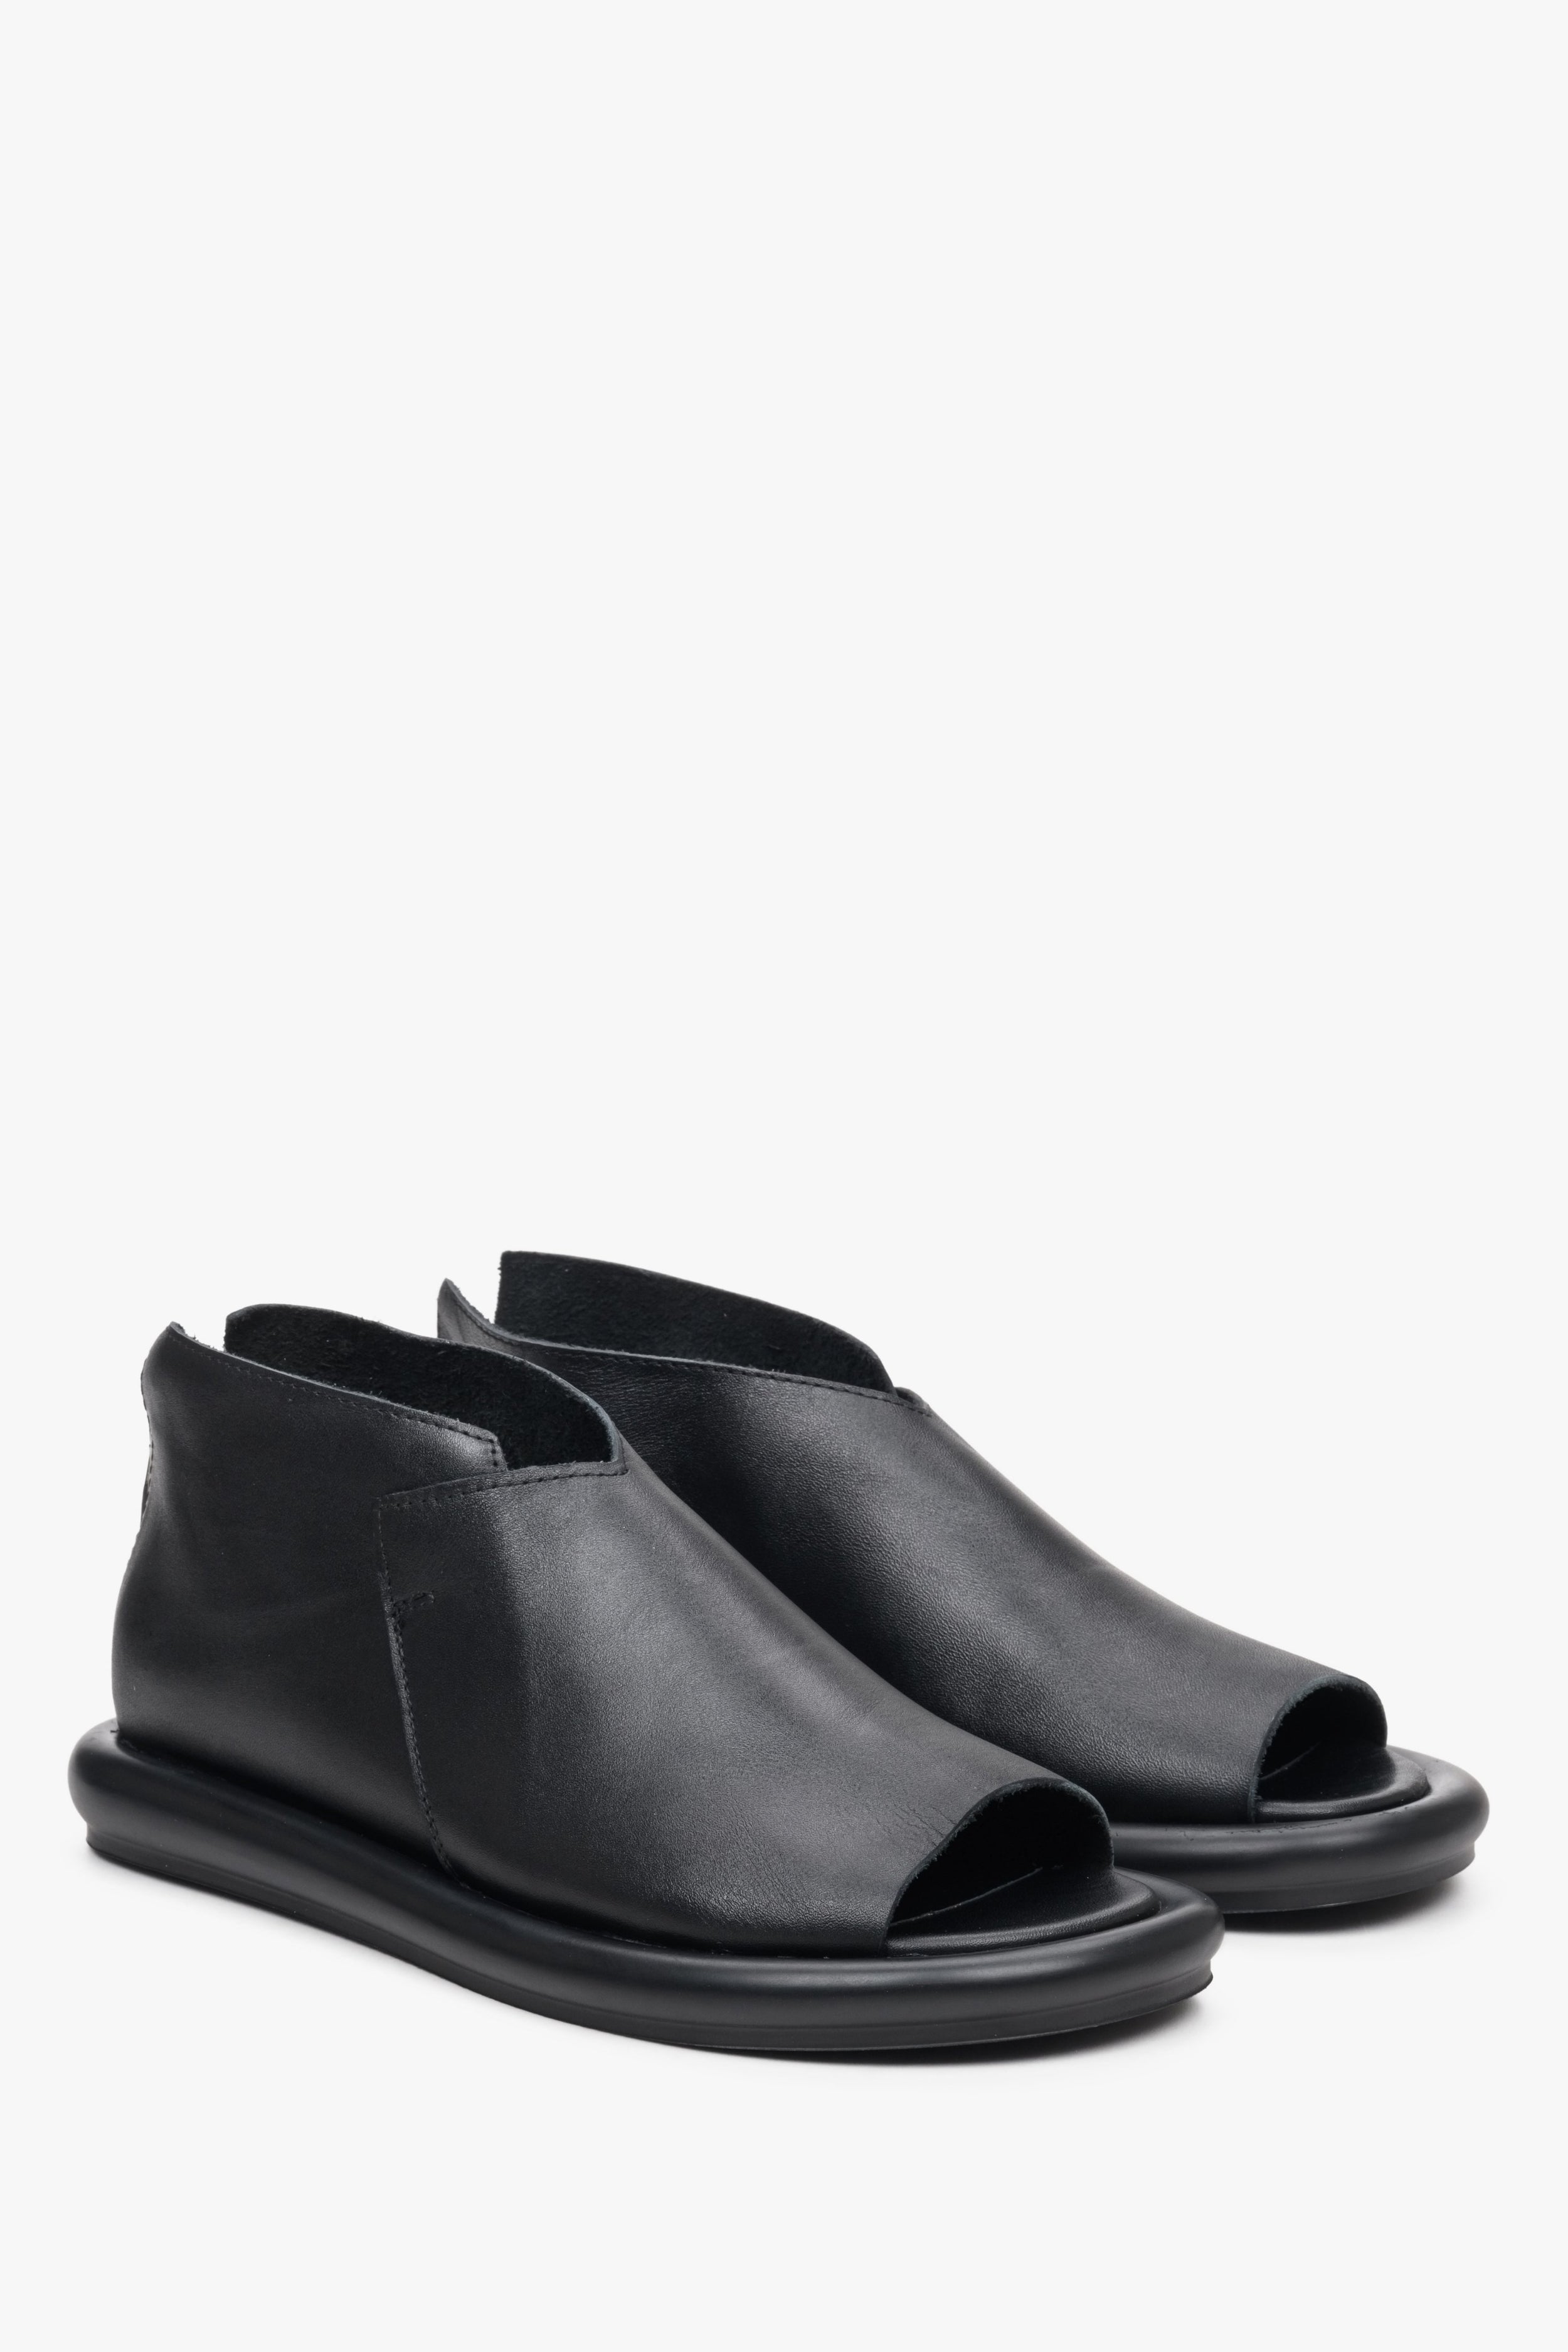 Estro: Czarne skórzane sandały damskie z zakrytą piętą
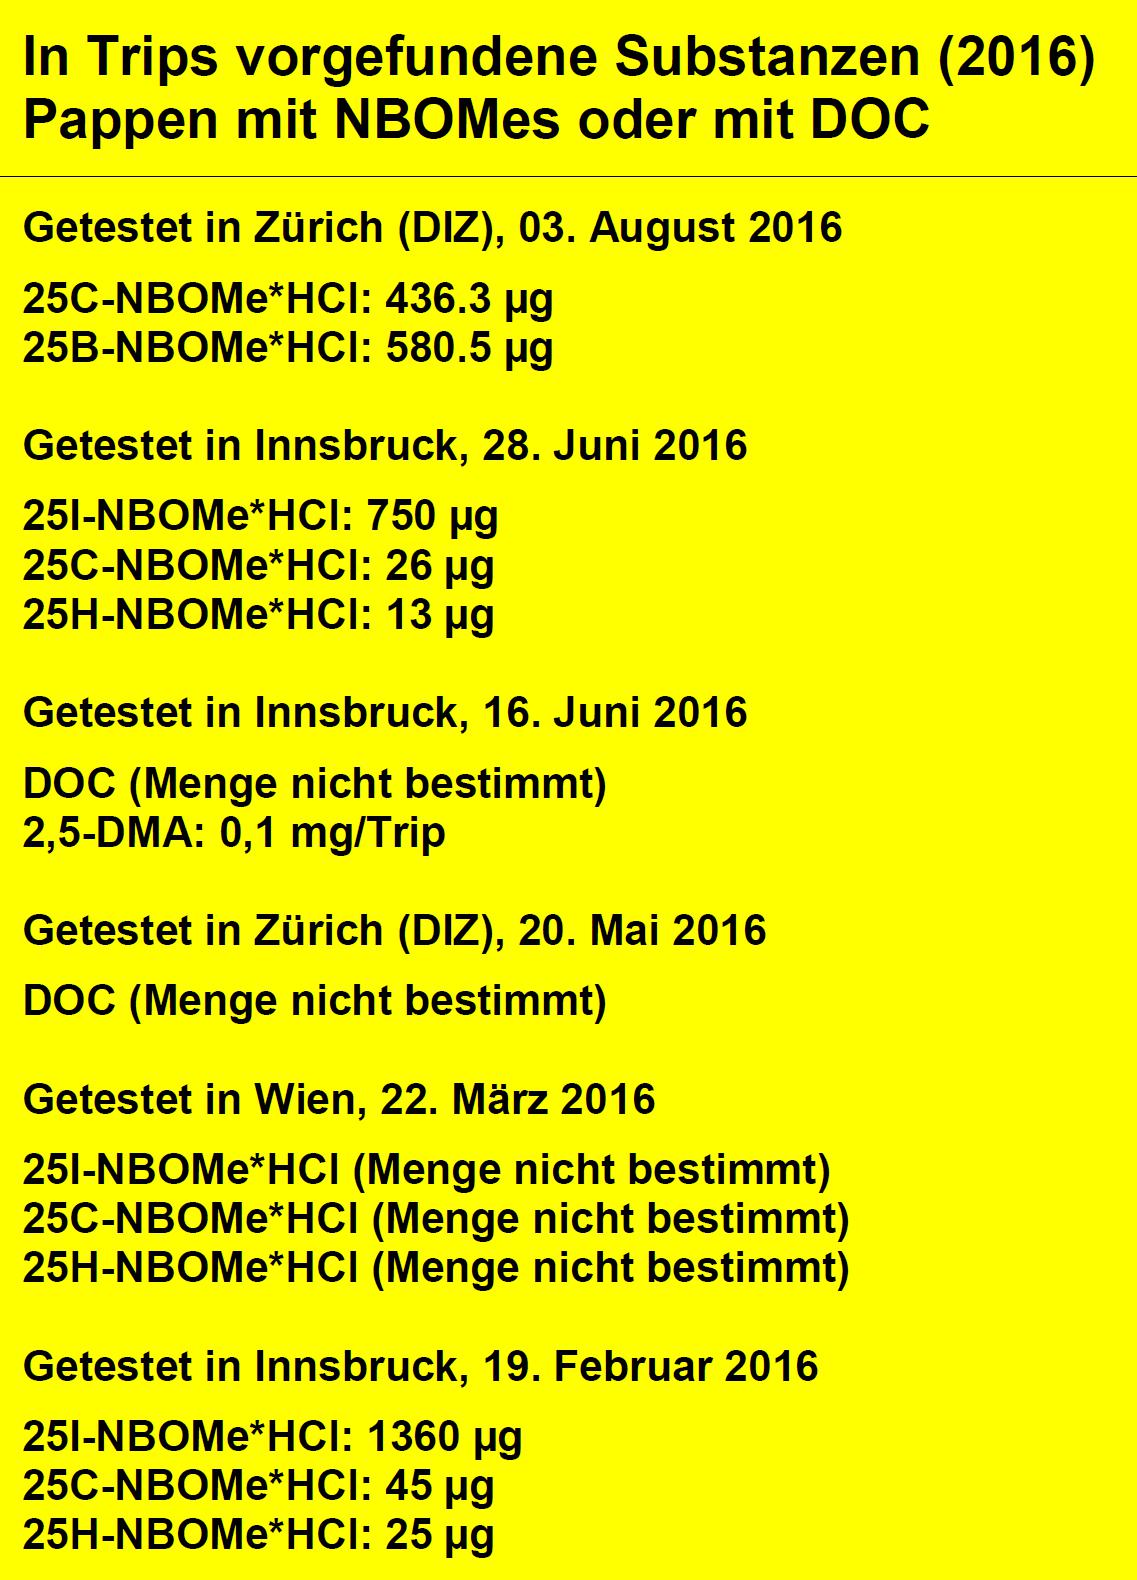 Abbildung 1 zeigt die Substanzen, die auf Papiertrips im Jahr 2016 vorgefunden wurden, die kein LSD enthielten. Datenquelle: Warnungen von Safer Party in Zürich.
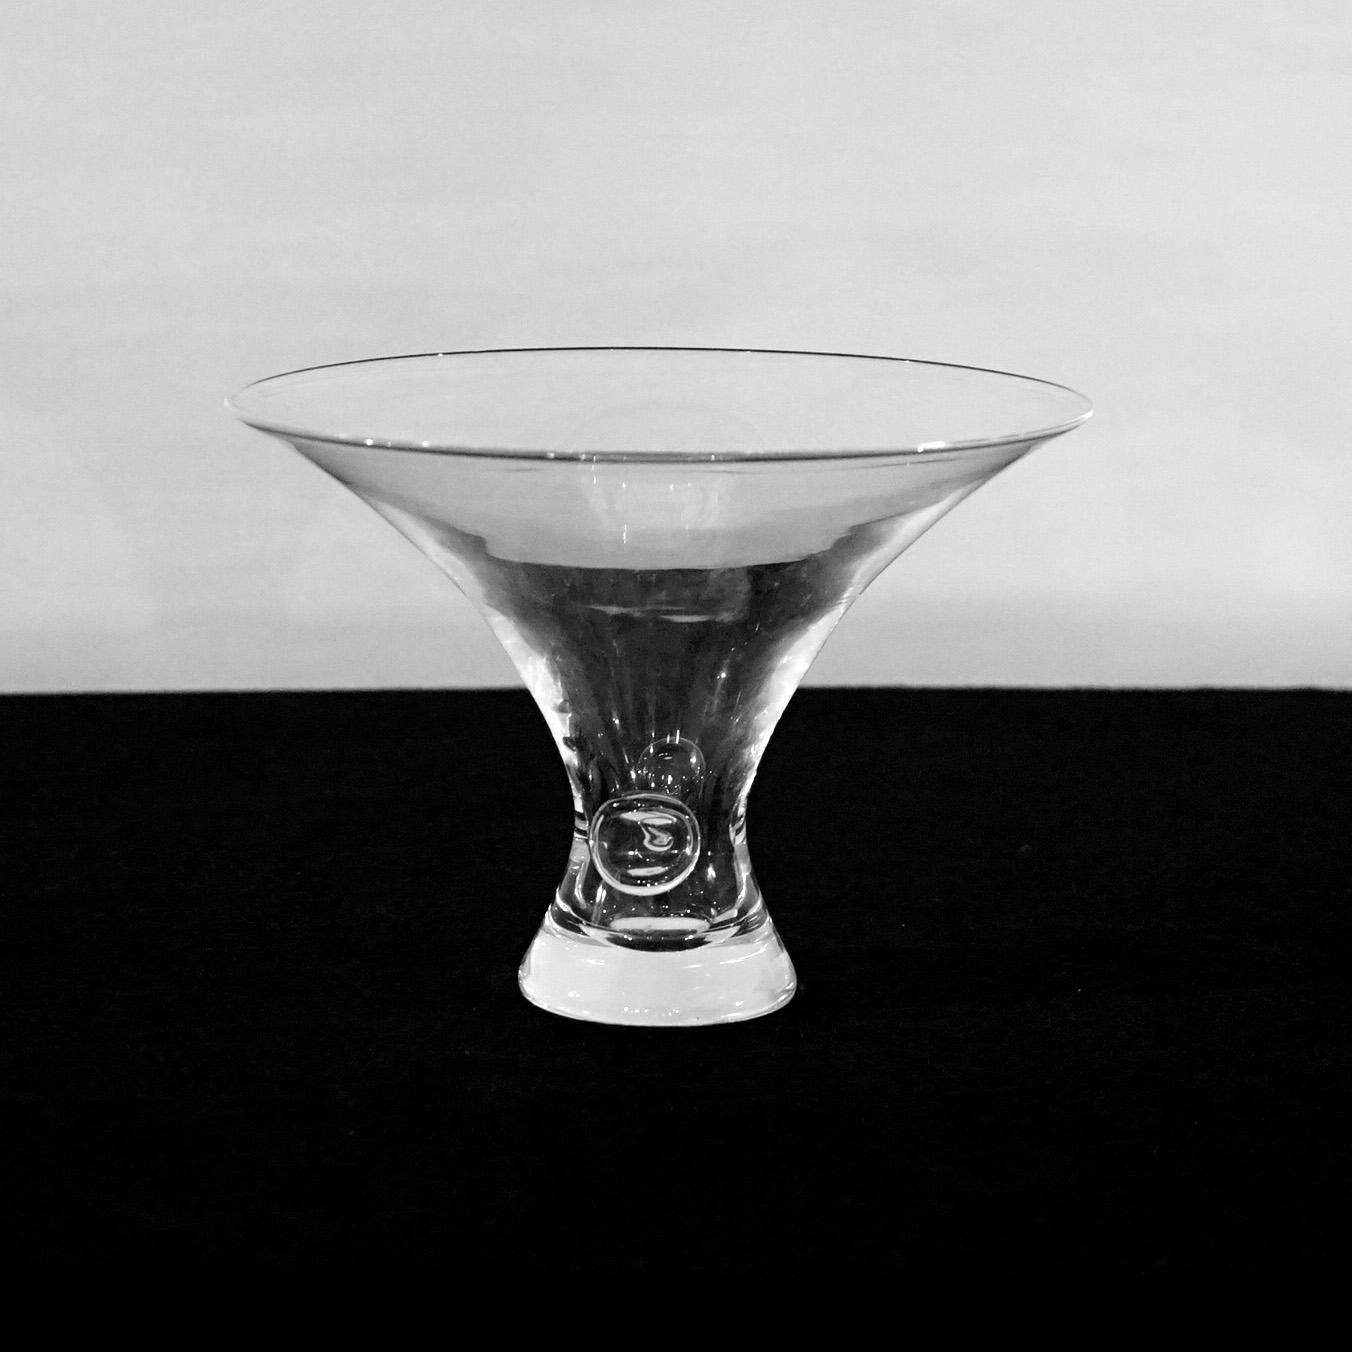 Mid Century Modern Steuben Art Glass Flared Crystal Bowl mit Pinched Base, signiert,  20. Jahrhundert

Maße - 9,5

What this task involves:
The whole listing must be restated word for word. Leave out any pictures.

Completed task:
 Estro: Czarne skórzane sandały damskie z zakrytą piętą
 Abbildung 1 zeigt die Substanzen, die auf Papiertrips im Jahr 2016 vorgefunden wurden, die kein LSD enthielten. Datenquelle: Warnungen von Safer Party in Zürich.
 Mid Century Modern Steuben Art Glass Flared Crystal Bowl mit Pinched Base, signiert,  20. Jahrhundert

Maße - 9,5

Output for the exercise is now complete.